Over the past few months, my partner and I realized that we are actually good as hell at having a dog. After a few sessions with a local trainer, we reached the point at which our dog, a small Pomeranian mix, only barked for 15 minutes when a leaf moved in the backyard, instead of 30 minutes. She is happy and well-adjusted, and can reasonably be trusted to not freak out and try to bite literally every single person who comes to our house. We have mastered the art of Having a Dog and, as such, we decided to take the “next step.”

It was time to get a second dog.

Our second dog, Percy, hanging out on a dang rock

Our second dog, Percy, hanging out on a dang rock

Before we actually got the second dog, we figured that since caring for one dog had become relatively easy; having a second would be the same as having one dog twice — twice the amount of food, twice the number of toys, two dogs going on the same number of walks we were already taking with one. It turns out we were wrong.

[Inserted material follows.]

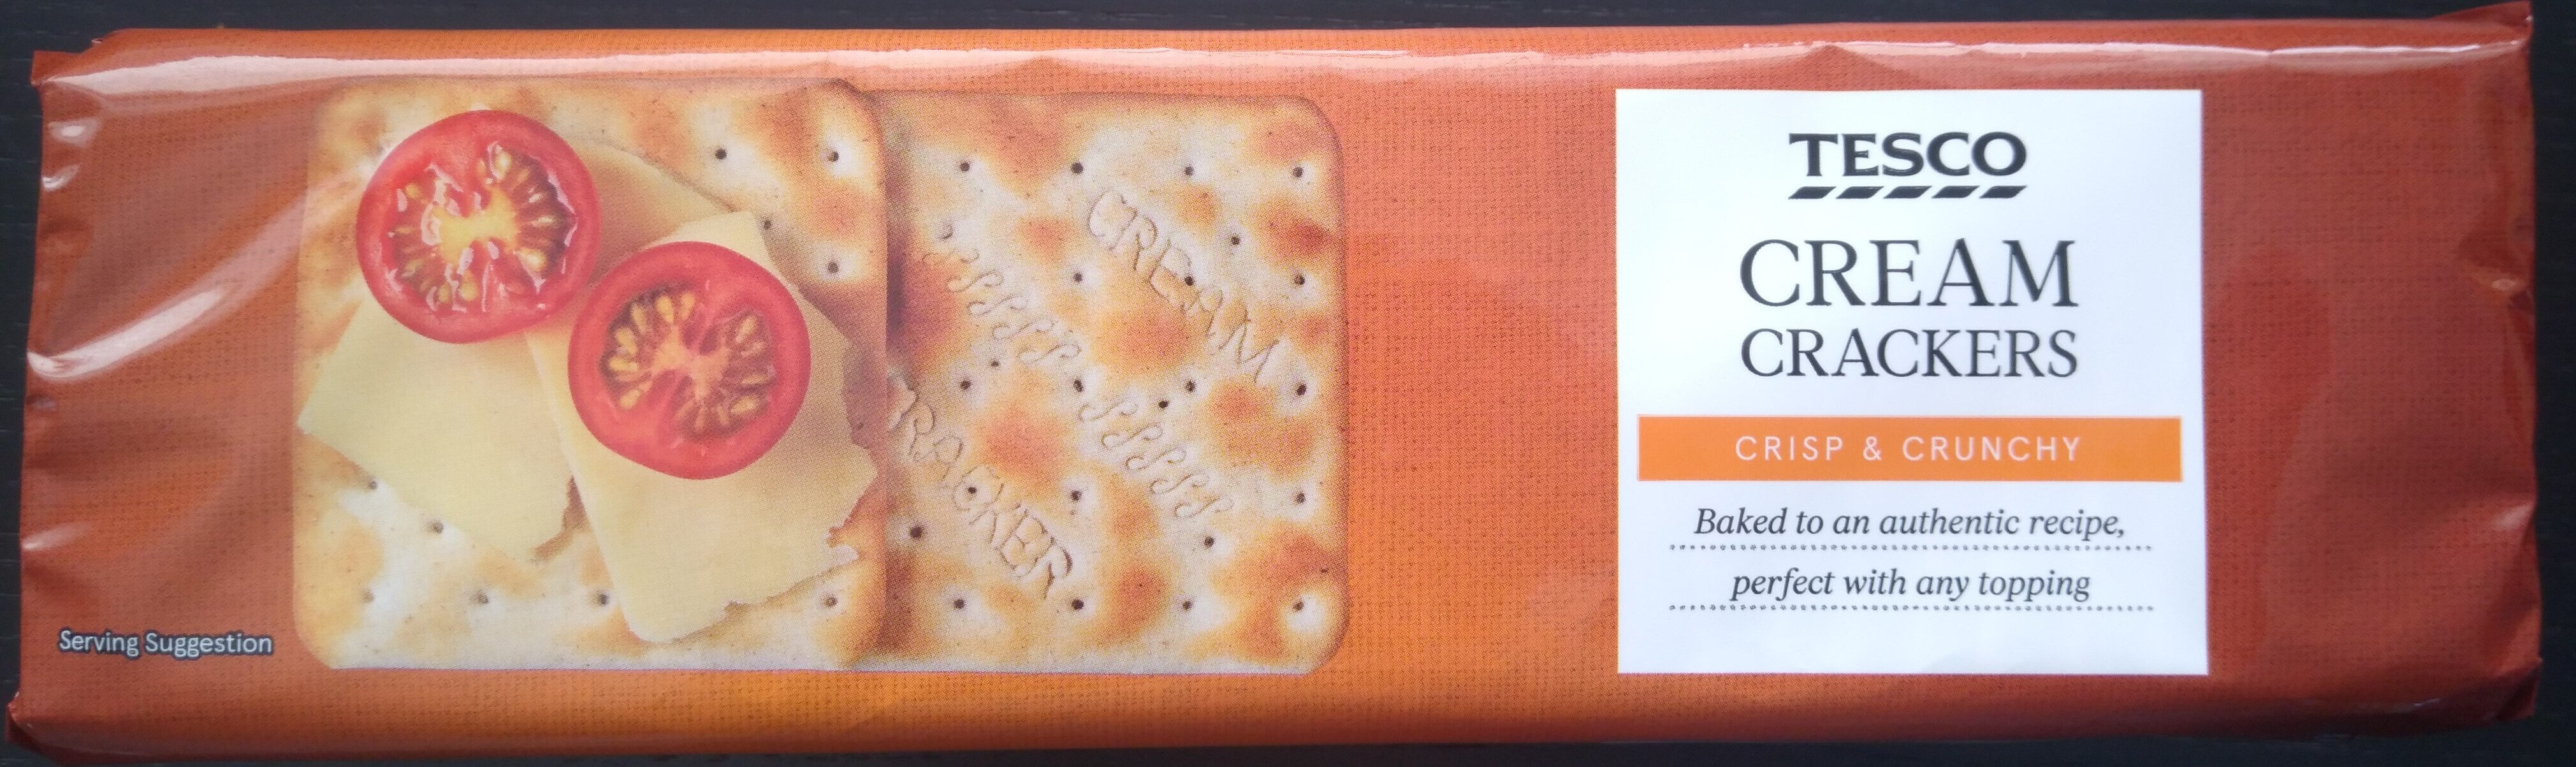 Cream crackers - Tesco - 300 g

When you have one dog, it looks at you, as well as any other humans you may live with, as its “pack.” By dint of controlling when it eats and poops, as well as where it goes and what it does when it’s there, the dog intuitively understands that you’re ultimately its boss. That isn’t to say that dogs aren’t good at convincing you to give them whatever it is they want, or that the dog will always do what you say, but generally, it’s easy to manage even a crazy dog as long as there’s only one of them.

When you introduce a second dog to the equation, you completely change the dynamics of the pack. Dogs are complex emotional creatures, and what we did not realize was that just because one day you bring a big boy dog home and tell your small girl dog that, surprise, they’re now brother and sister and have to be best friends now, it doesn’t mean that the first dog will believe you.

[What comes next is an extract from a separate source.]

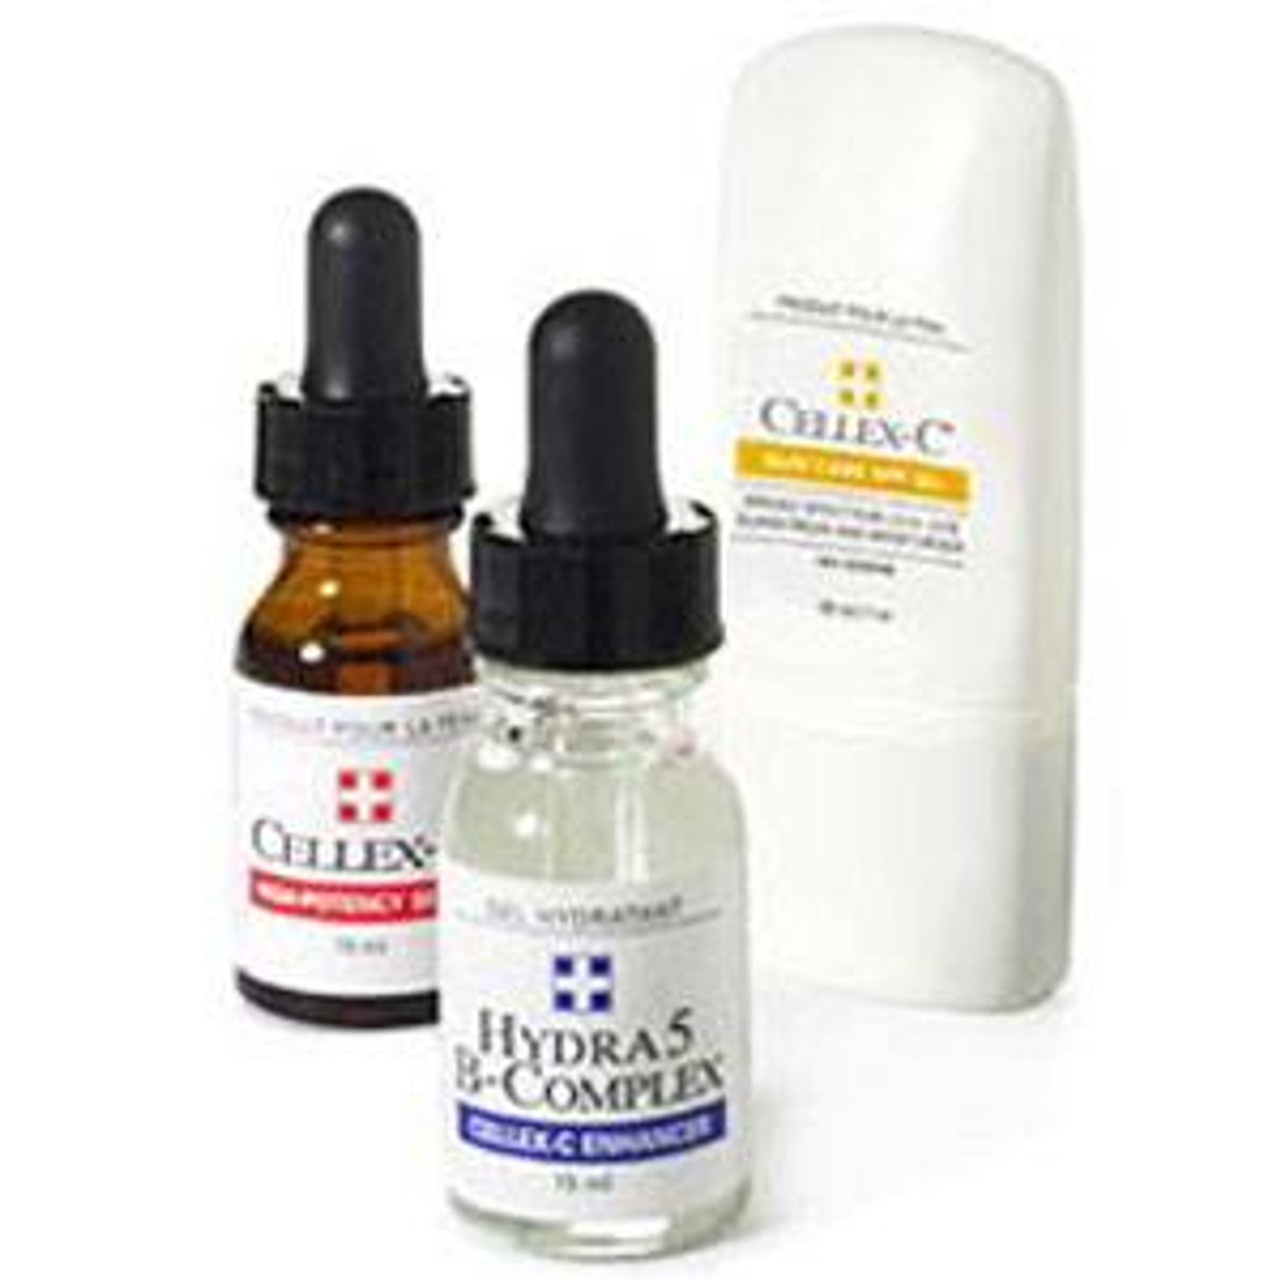 Cellex-C Anti-Aging Kit

In fact, that original dog may view her new brother as an unwanted intrusion into her otherwise idyllic world, and decide to spend a month getting annoyed at him, barking and growling at him, getting jealous when he is playing with something super sick and cool (like a shoe) and then trying to bite him, only to have him respond by licking her face.

Nora feeling wary of Percy

Nora feeling wary of Percy

All of our big new dog’s passivity and face-licking eventually wore our small dog down, and she has finally accepted his presence in the house. Great, right? Wrong, not always great. My partner and I might have thumbs and clothes and all the other trappings of humanity that guarantee high status in a human-dog pack, but the dogs have each other, and they are incredibly down to team up to create mischief, track an ungodly amount of dirt into the house, or distract you while the other dog eats your shoes. Two dogs, I have found, beats two — or even four! — thumbs, every time.

All of this can be really stressful, to the point that I like to pretend that having two dogs is exactly as complicated and stressful as having one baby. I realize this is remotely not true, but still! There must be a certain number of dogs a person can have that actually does demand the physical and emotional effort of caring for one baby, though science has so far been unable to figure out what that number is. I’m thinking seven.

The dogs after having reached a détente

The dogs after having reached a détente

Having two dogs is also immensely rewarding, and those rewards are compounded in the exact same way that dual-dog stress is. The first time the dogs teamed up to wake us up at 6:30 a.m. demanding to be let outside, I honestly couldn’t help but feel a deep feeling of gratitude, and perhaps even pride, because it was proof that the dogs had finally learned to get along and work together, even if it was on something that annoyed the shit out of me. After us ignoring them for ten minutes, the big dog licked my face, while the little one licked my hand. I got up, took them into our backyard to do their business, and as the dogs shitted in unison, I nearly fell back asleep in a chair outside. It was great.